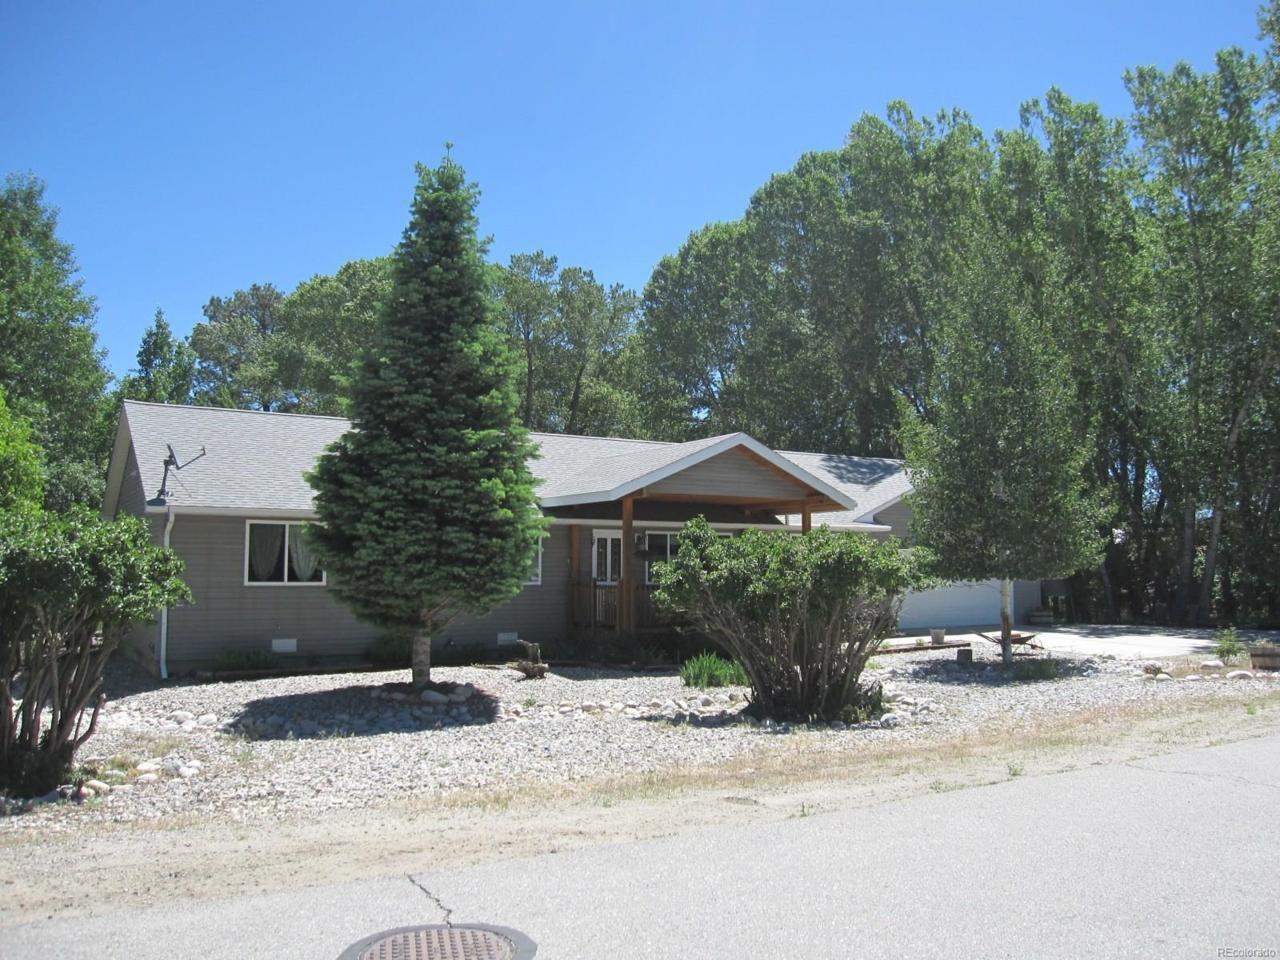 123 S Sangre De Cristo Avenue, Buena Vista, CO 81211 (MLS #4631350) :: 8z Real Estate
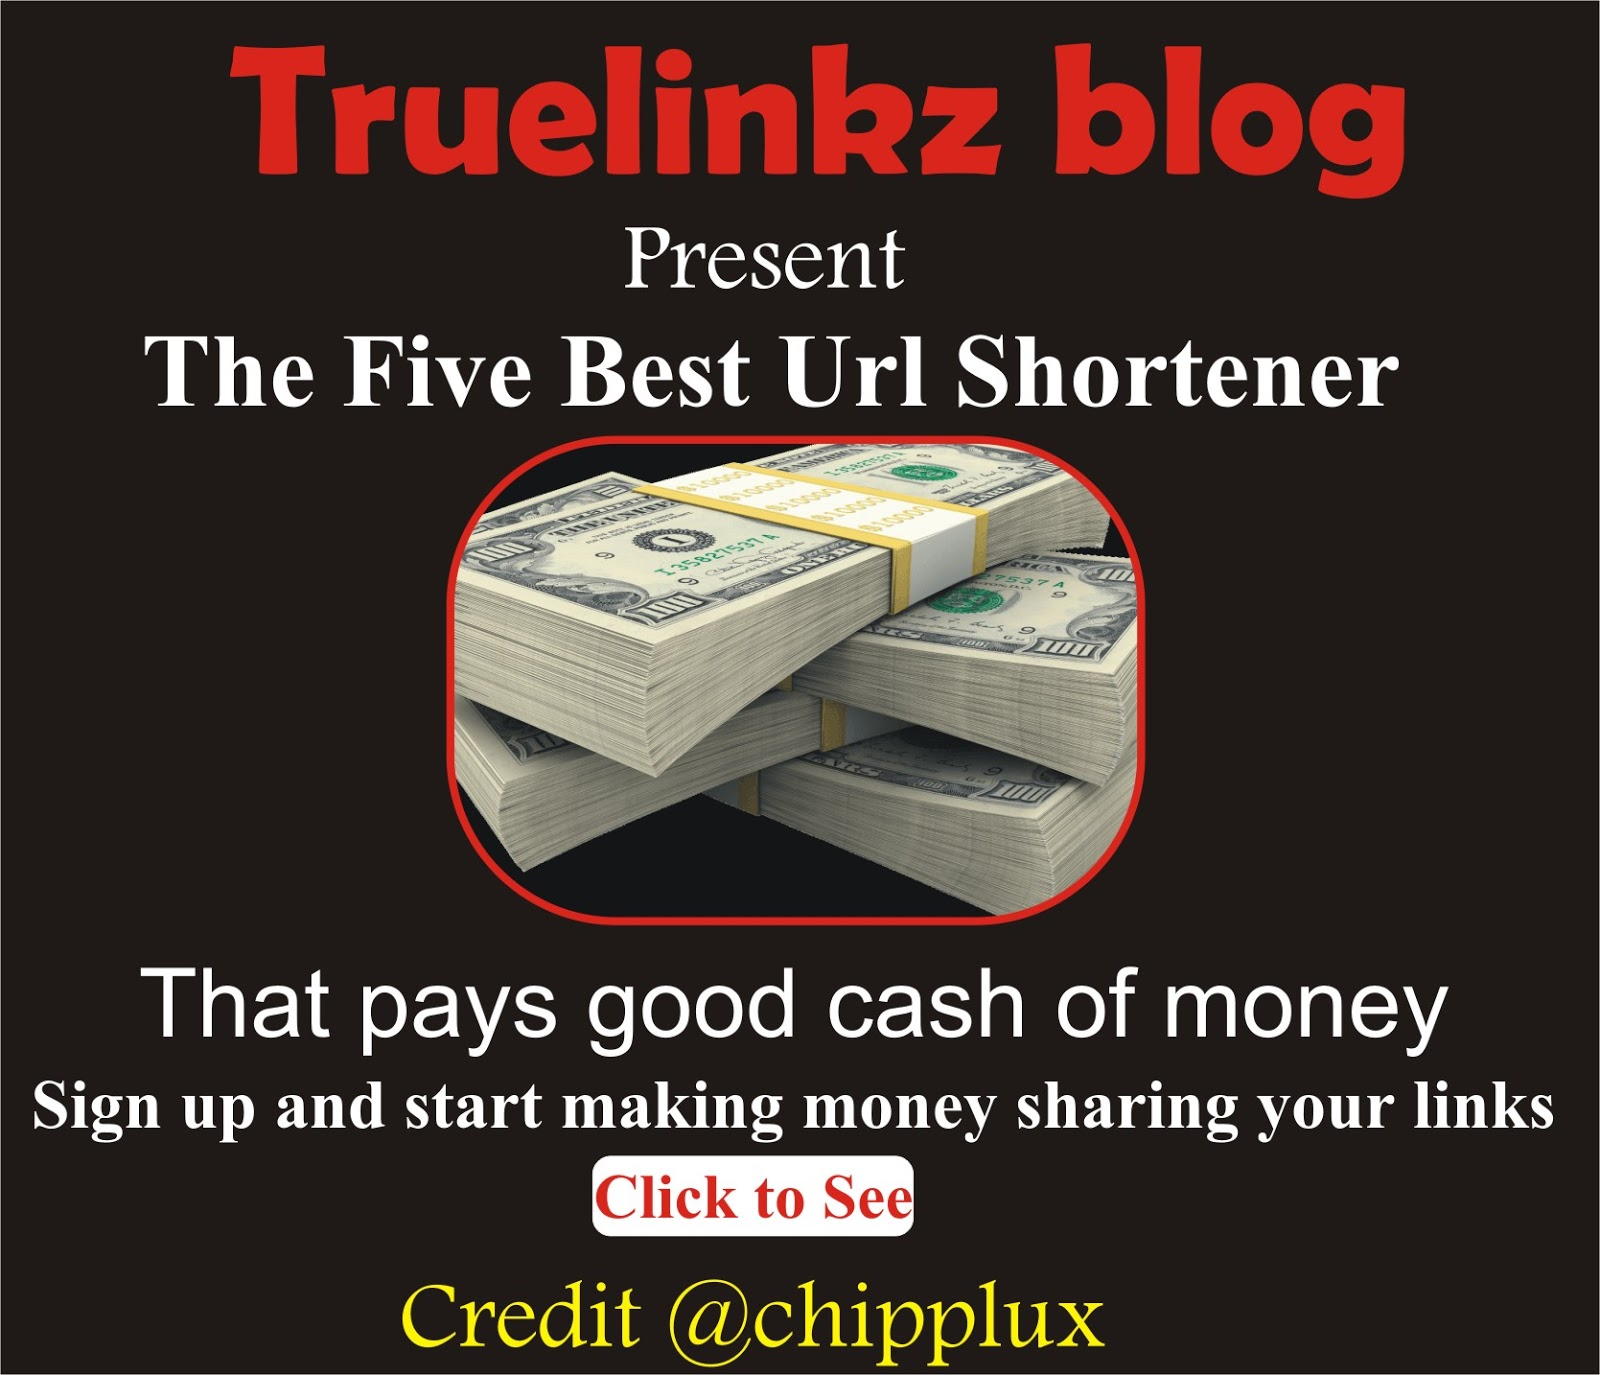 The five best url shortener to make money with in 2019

------------

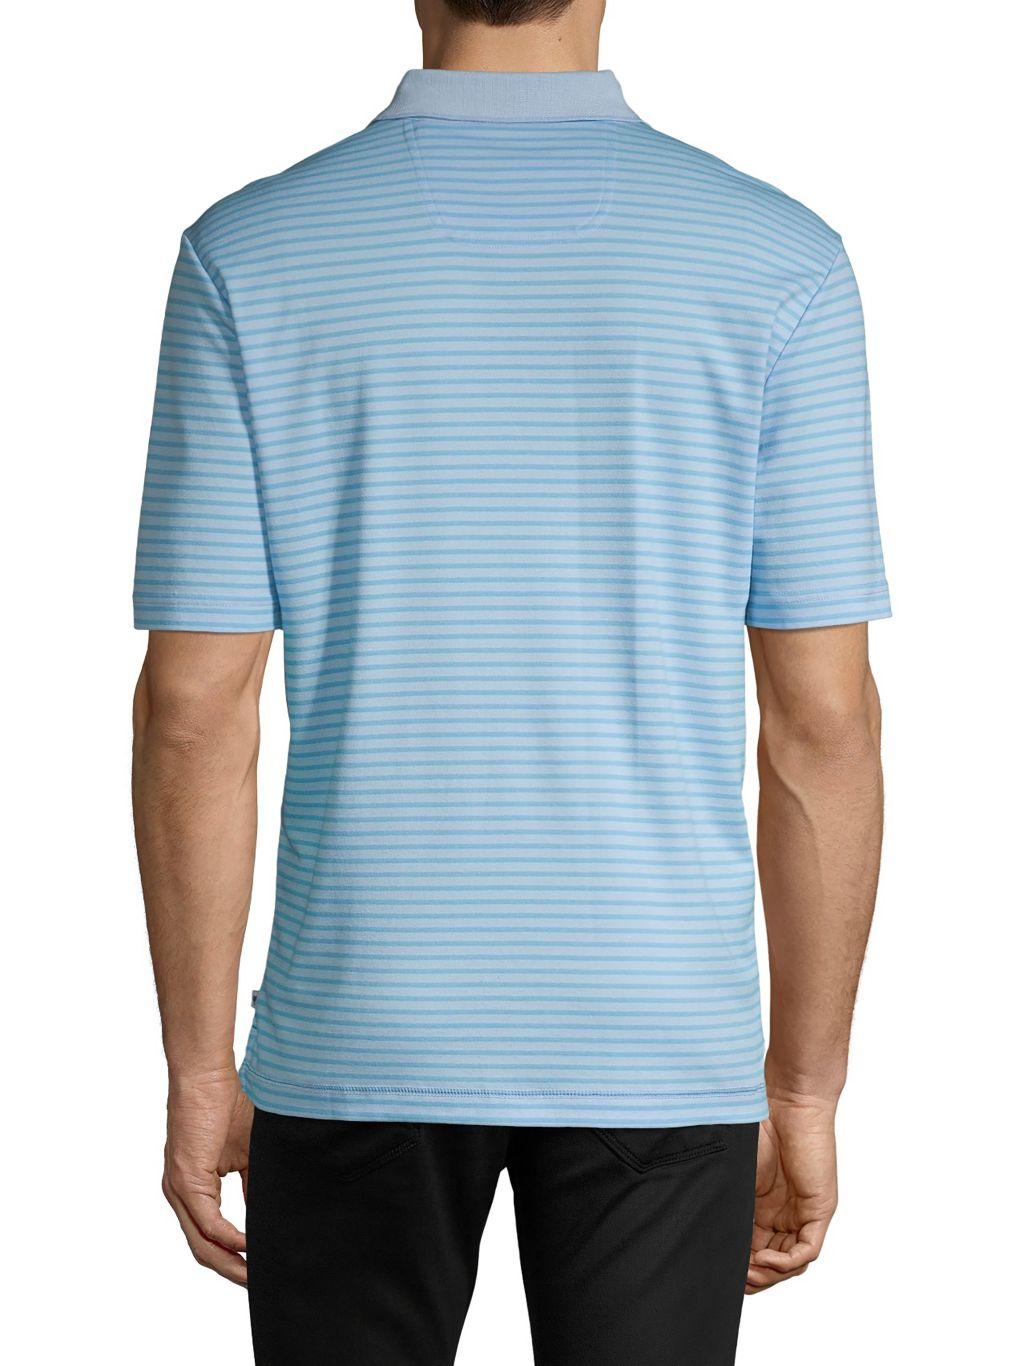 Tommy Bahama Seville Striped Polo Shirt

------------

*WHAT THE TASK REQUIRES*.
What you need to produce is an exact copy of the entries above, limited to the lines from the one with "123 S Sangre" up to and including the one with "The five best", without pictures.

*ANSWER BOX*.
 123 S Sangre De Cristo Avenue, Buena Vista, CO 81211 (MLS #4631350) :: 8z Real Estate
 The five best url shortener to make money with in 2019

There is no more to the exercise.